This rankles me. After all, I've been doing some nice thinking about him lately. For instance, last Saturday Amy and Becky and I went to a ridiculously tiny, very intimate acoustic concert where the lead singer of Lowest of the Low stood on the stage of St. Francis High School and sang some of the best songs ever written. Songs that make me think about Keith.
He was my gateway to Lowest of the Low, after all. It was at his sister's house that I first heard them play. It was in his truck that we used to blare their CDs after we rolled down the windows and let the crisp summer air inside. We listened to them poolside. We listened to them while we parked on deserted streets in the town of Hamburg. He would sing me my favorite lyrics in his off-kilter, out-of-tune voice. He would sing, Just remember when your resistance is low that I know who's your favorite poet... and then he would yell the name of some poet I'd been talking about lately.
Those were nice days, and I sometimes miss them an awful lot. Things were just so simple back then. Keith was my boy and he loved me and I was his best girl. He was my best boy. We drove around and sang songs and grilled corn and steaks. We played Asshole and locked his neighbor in the pantry. We looked up at stars. We were always looking up at the stars.

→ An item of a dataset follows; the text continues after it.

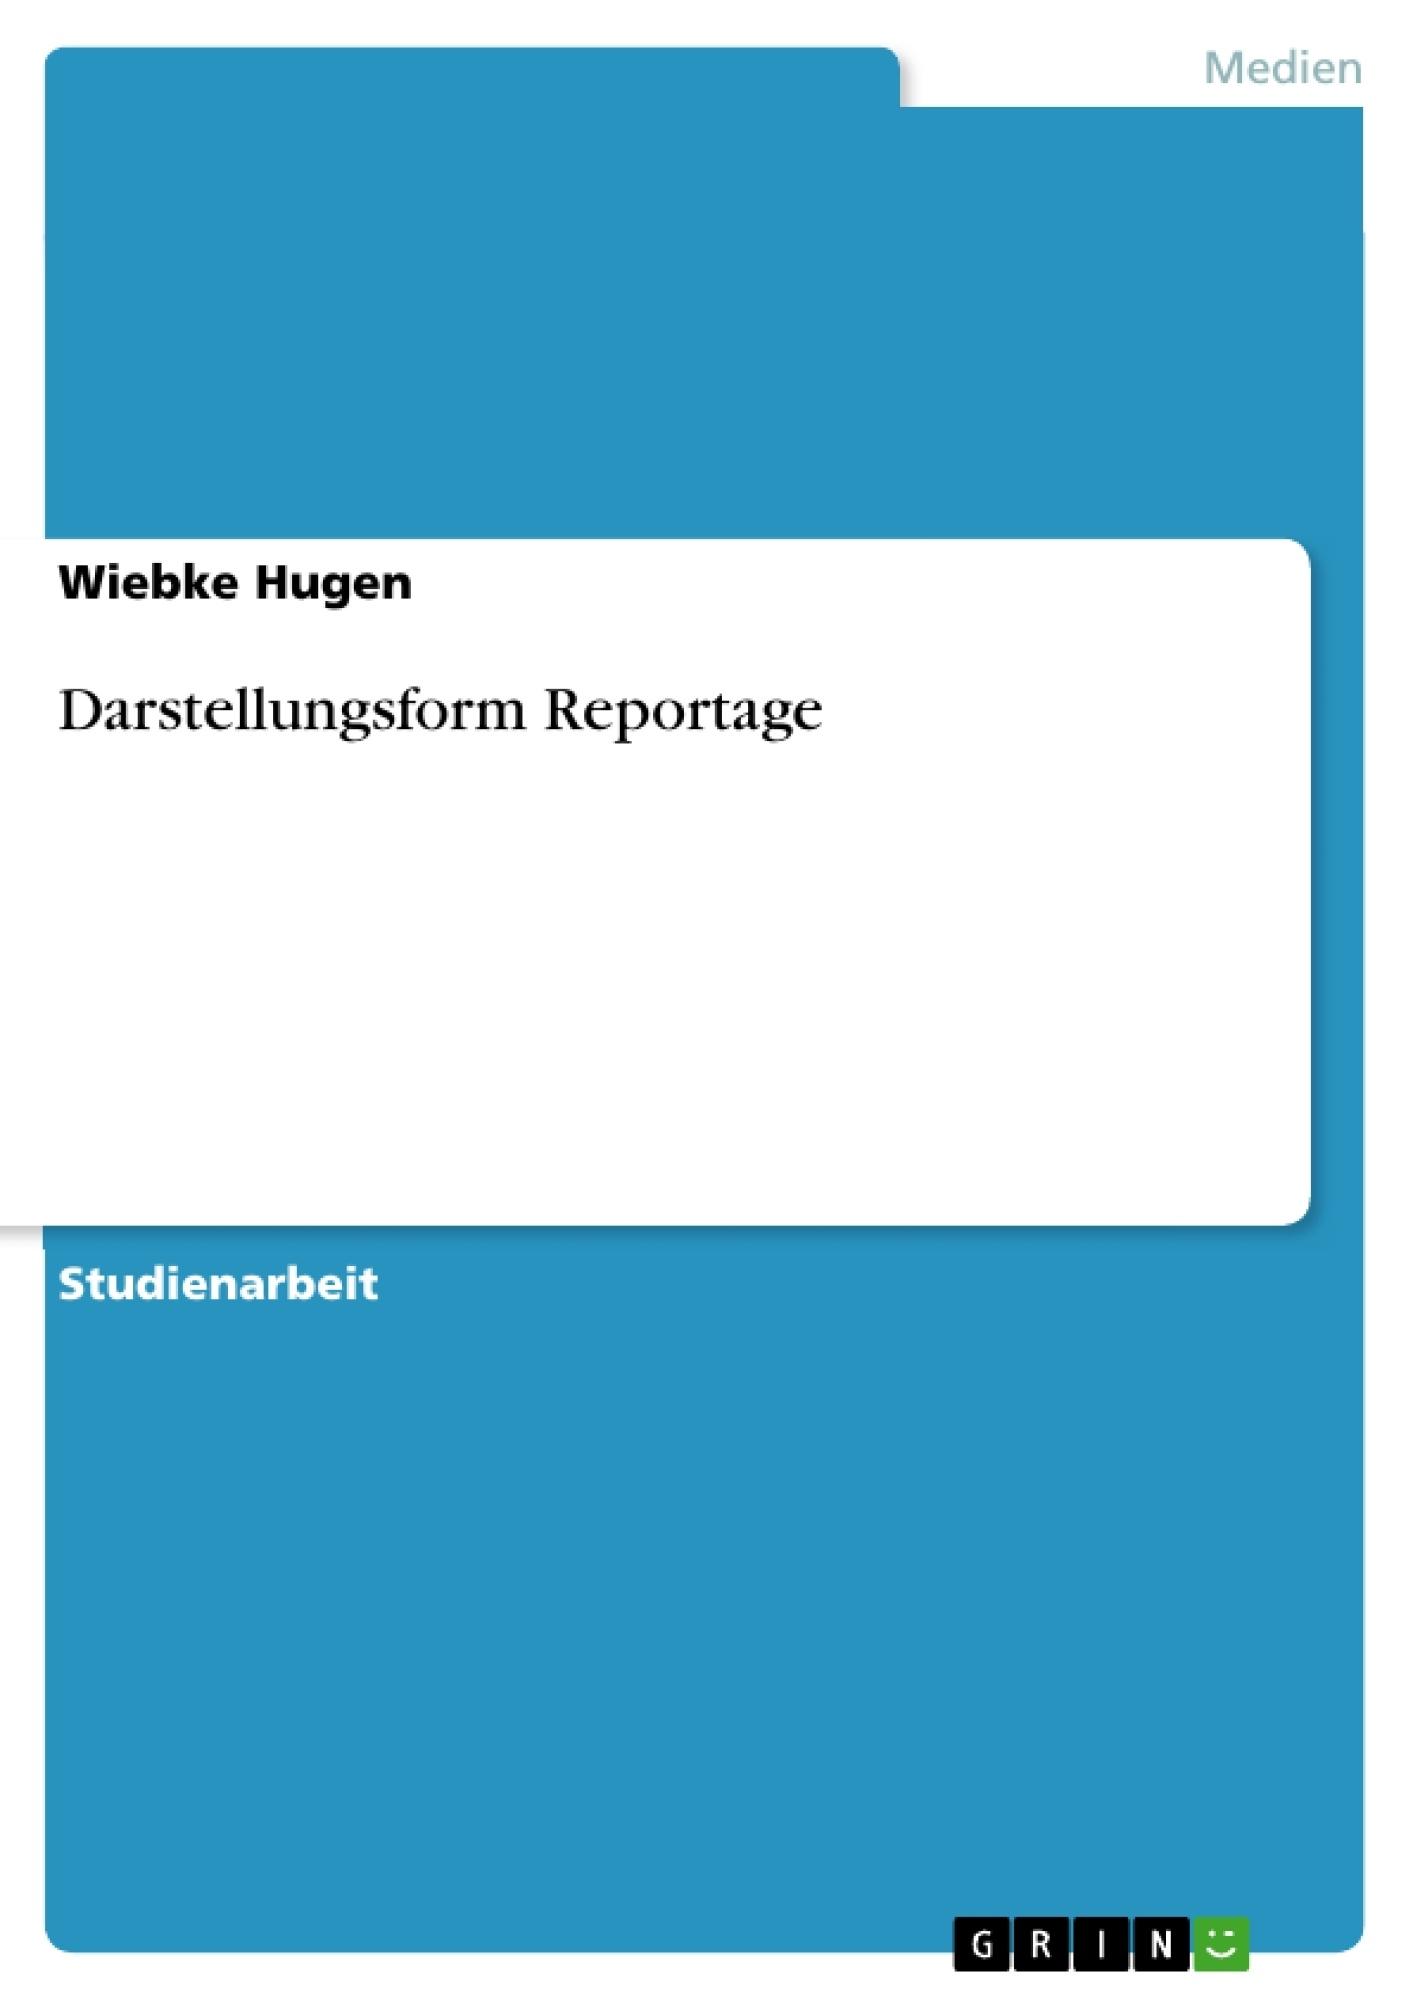 Titel: Darstellungsform Reportage

I feel like he should remember that as fondly as I do. And I feel like he should pine for me in some dark forgotten corner of his heart. Does that make sense? I don't want to be with him, but I want him to want—sometimes, only sometimes—to wonder if he made the biggest mistake of his life. And, I suppose, I want him to tell me that he did.
I try another tactic with him. "You know," I say, "I was good back then, but I'm way better now. I've got new moves."

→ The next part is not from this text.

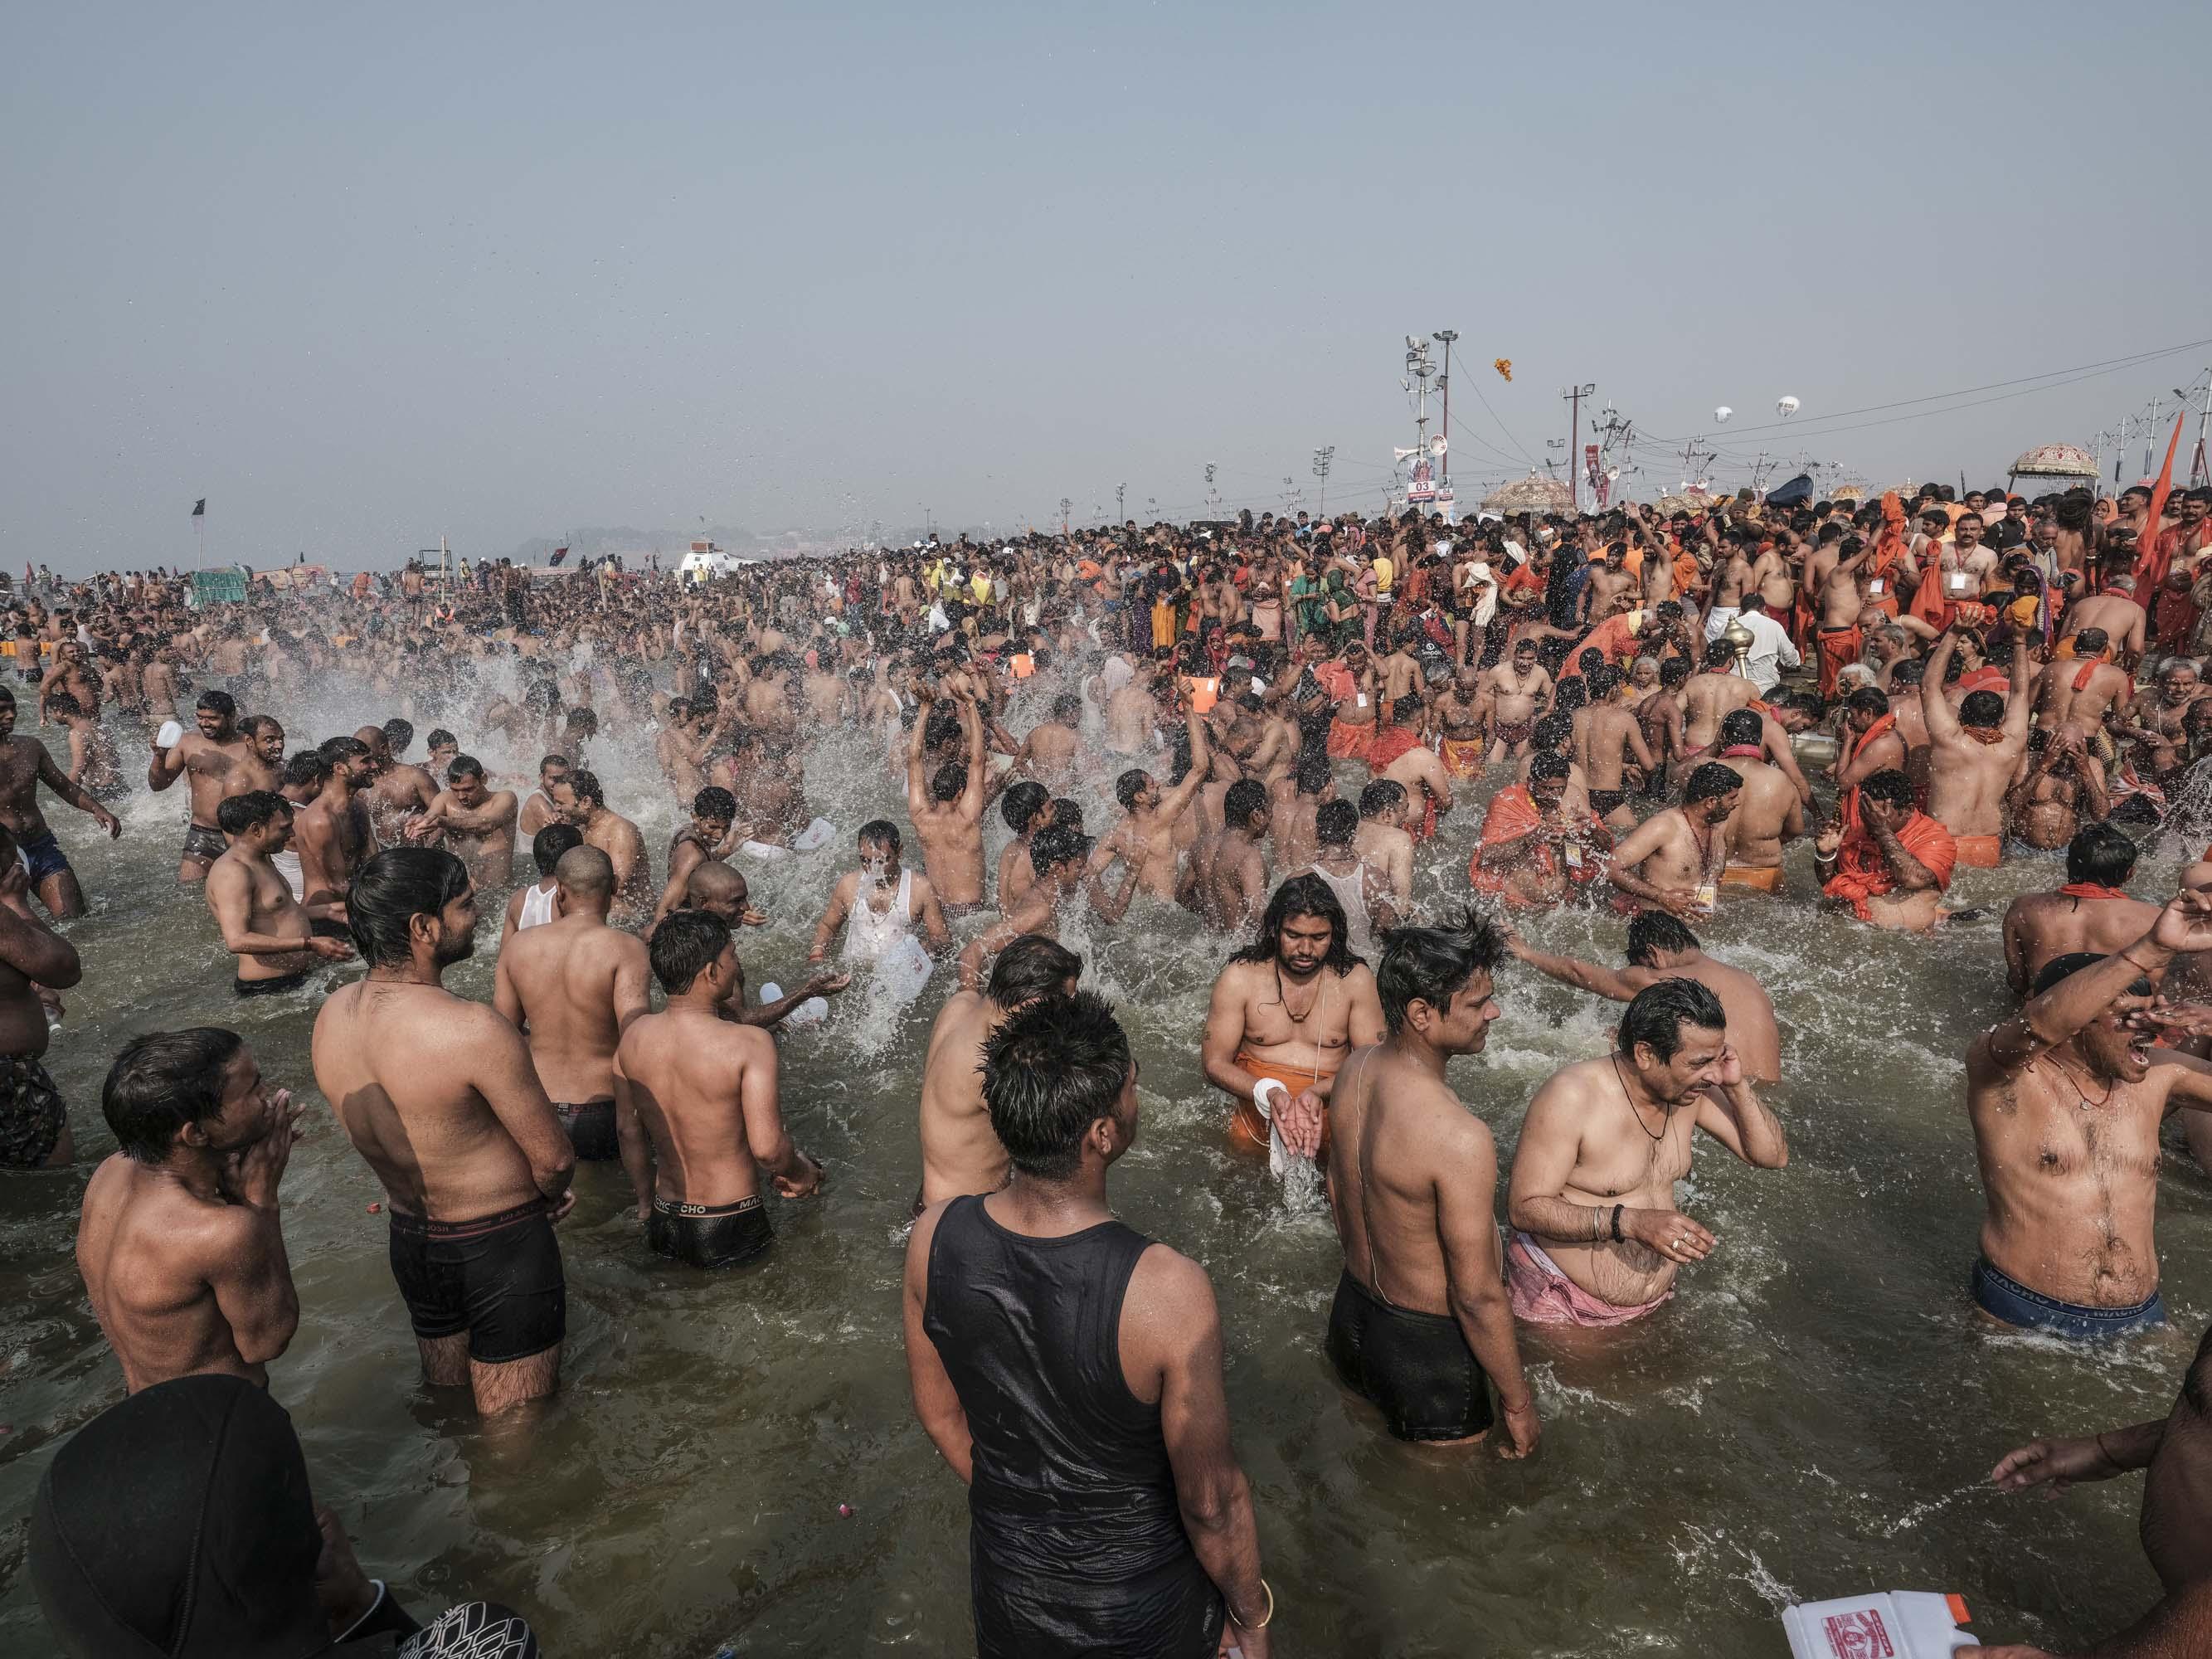 water splash bath crowd 4 February pilgrims Kumbh mela 2019 India Allahabad Prayagraj Ardh hindu religious Festival event rivers photographer jose jeuland photography

Ex-Keith laughs. "I'm sure you do," he says. "I just don't want to see them."
"You're giving me a complex," I say.
But suddenly there's this: "I want Abe Lincoln back," Keith says.

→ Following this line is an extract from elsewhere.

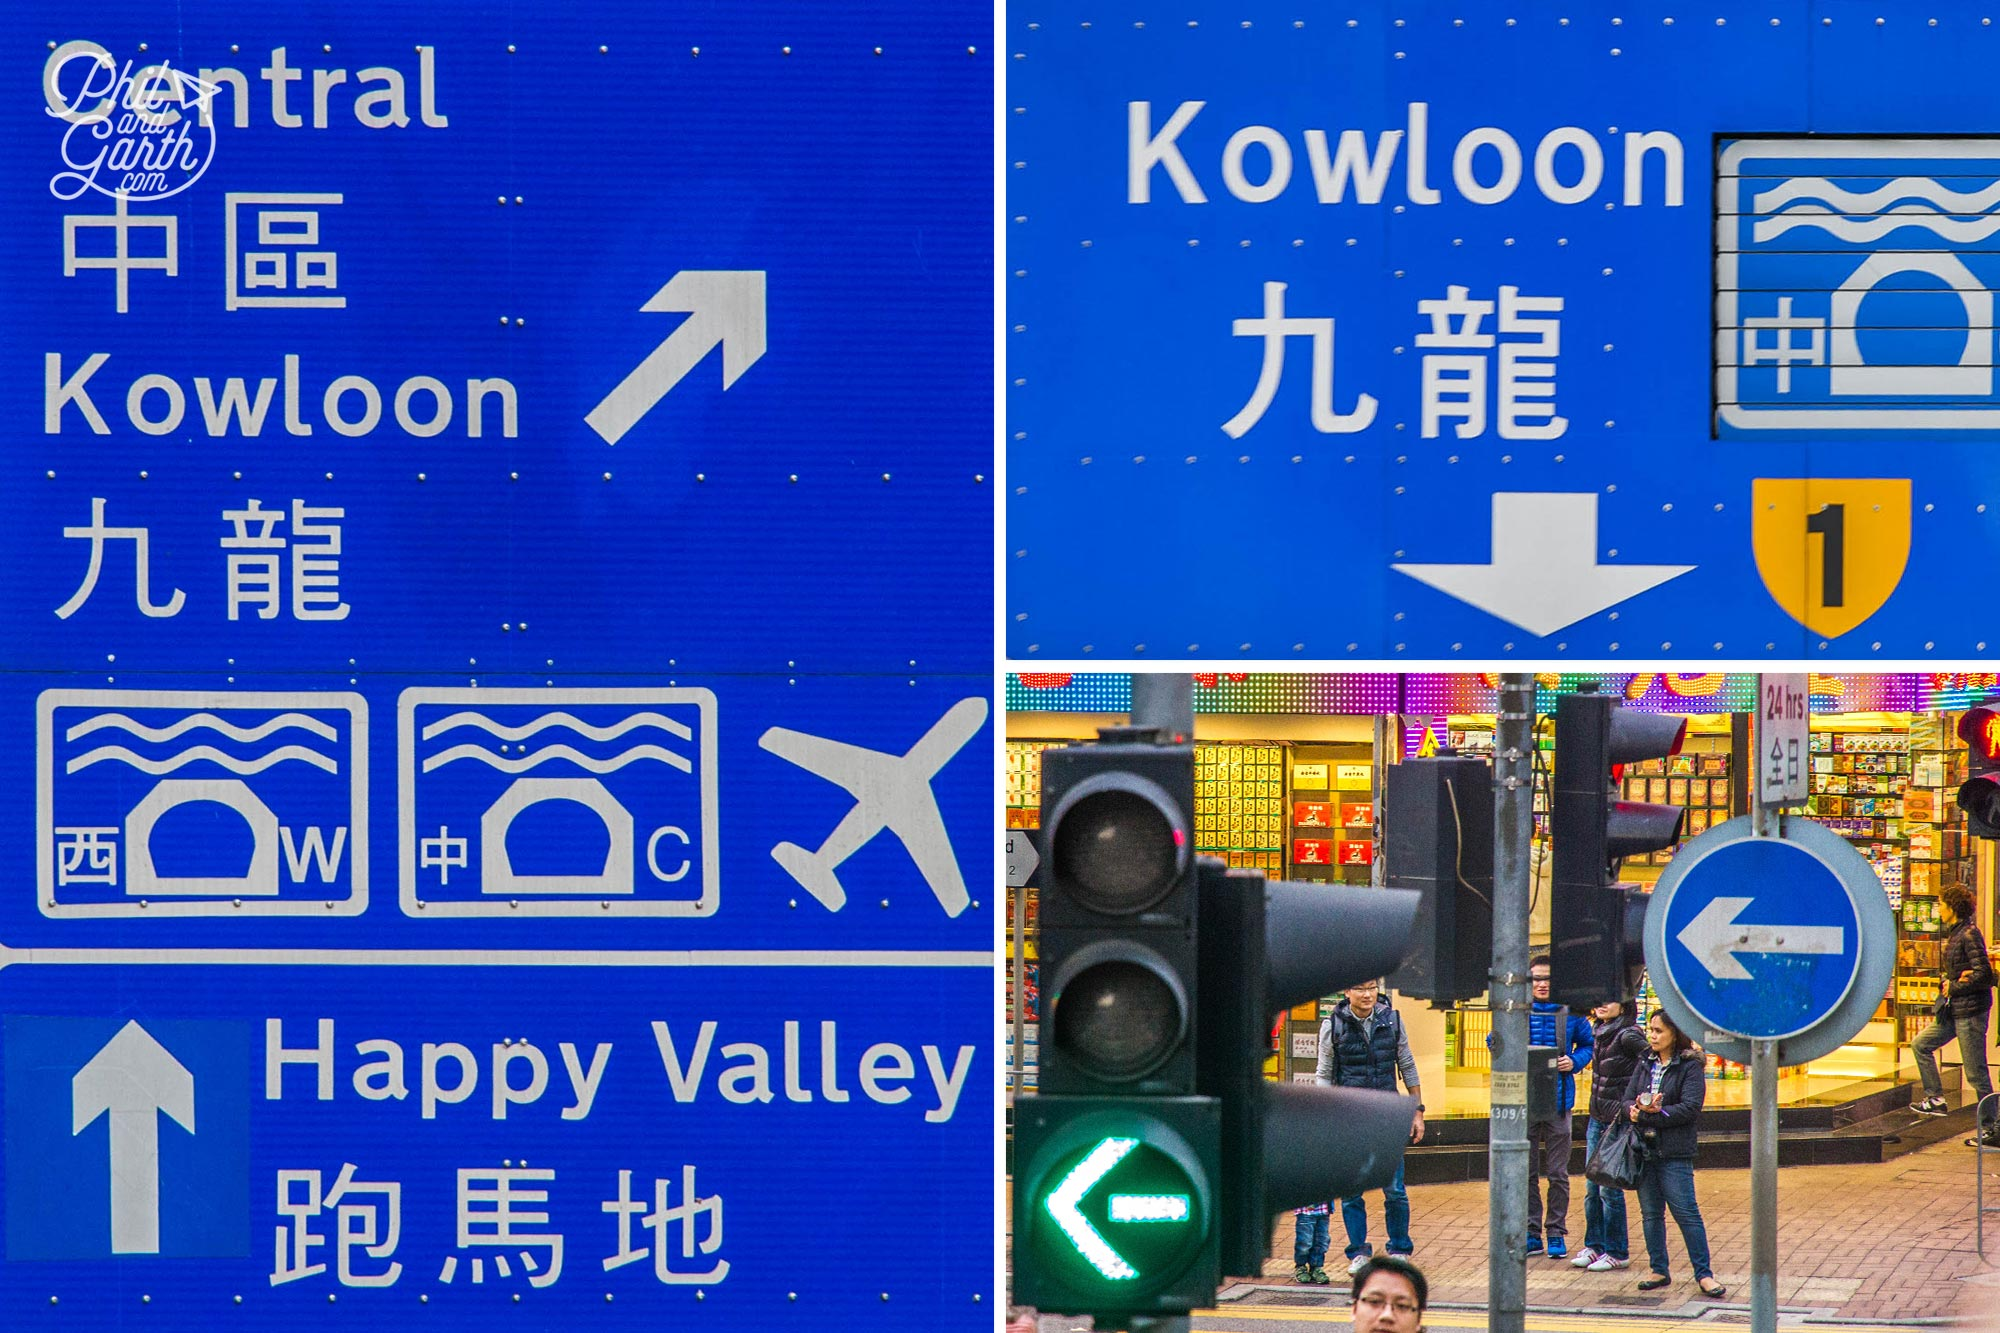 Hong Kong's British style signs and traffic lights

"Keith!" I say. "Is this all about ABE LINCOLN?"
"Give me Able Lincoln and then I'll tell you the truth about things," Keith says.
Here's the thing about Abe: while I was in Minnesota, Amy and Becky staged a magnificent coup at a pre-Bills game tailgate party. They found Keith's party, found him drunk and peeing, and they stole Abe Lincoln—which Keith had, in a magical stroke of fate, brought with him to the game for photographic evidence he was planning on taking and leaving in Amy and Becky's mailbox to illustrate Abe's grand adventures since he had been in Keith's control. Basically, Amy and Becky showed him up. In a big way.
"This is all about ABE?" I ask. "You're just trying to piss me off so I give you back a bust of Abe Lincoln that wasn't yours to begin with?"
"Bring me Abe," he says.
"HE IS NOT YOURS," I say. "YOU WILL NEVER HAVE HIM BACK."
"Fine. By the way, I would never sleep with you again," Keith says.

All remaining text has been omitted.